The icade is an arcade cabinet that talks to your tablet via Bluetooth for external joystick controls. (utilizing imame4droid from android market)
This setup works fine on my Android Asus Transformer. (although it's size doesn't quite fit properly in the cabinet).

For the Touchpad, I cannot get the bluetooth to pair. Apparently the method of bluetooth pairing uses a challenge response method where the tablet displays the correct passcode to enter on the icade. The touchpad/android doesn't provide this passcode on the screen...and the default 0000 or 1234 don't work.

Any ideas?


----------



## Aganar (Oct 29, 2011)

Crap; that's gonna suck if it doesn't work on the TP, considering I already bought one for x-mas.

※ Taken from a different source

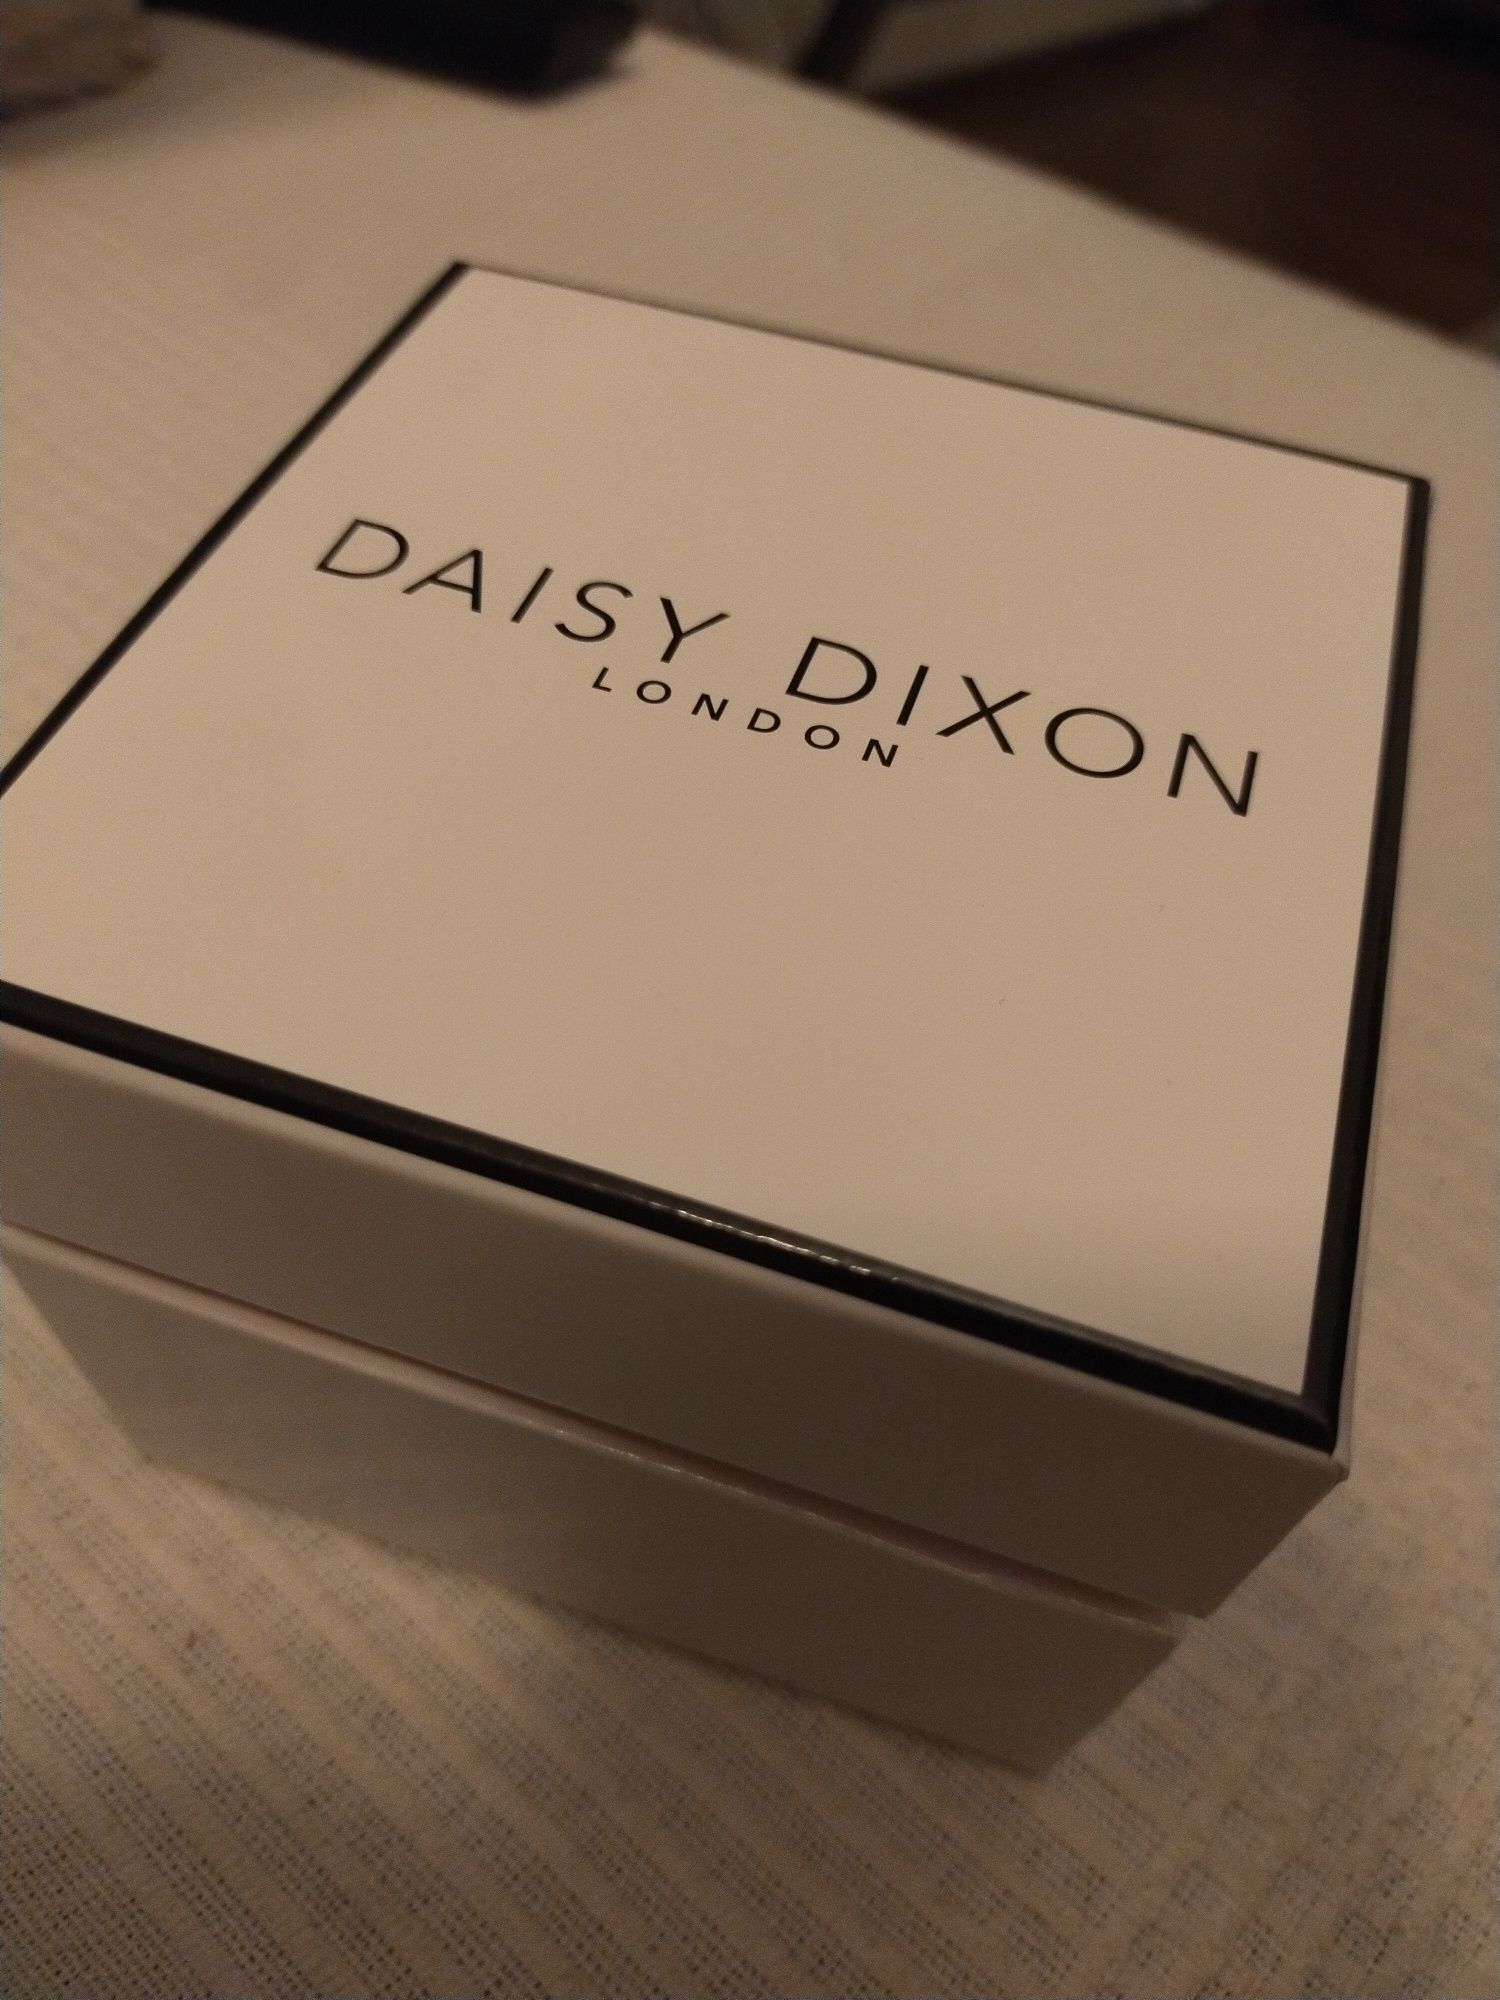 Daisy Dixon cena z wysyłką, zegarek nowy damski. Zegarek damski

Someone said there was no problem getting it to work on webOS, though.
http://www.webosroundup.com/2011/07/hps-ben-combee-discovers-fun-way-to-play-paratrooper-hd-on-touchpad-fun-stuff/


----------



## StuBeeMe (Nov 30, 2011)

I don't think it's a hardware issue (hence why it works on webos). The iCade seems to require Bluetooth SSP/Passkey Entry support. I'm guessing it's supported in Android 2.x and higher (eclair) but the touchpad version of android is missing an essential part of the bluetooth driver.

Thats my guess from googling around.....although if anyone else has paired the Android Touchpad with a Bluetooth device that provides the passcode on the screen for you then to enter, please let me know.


----------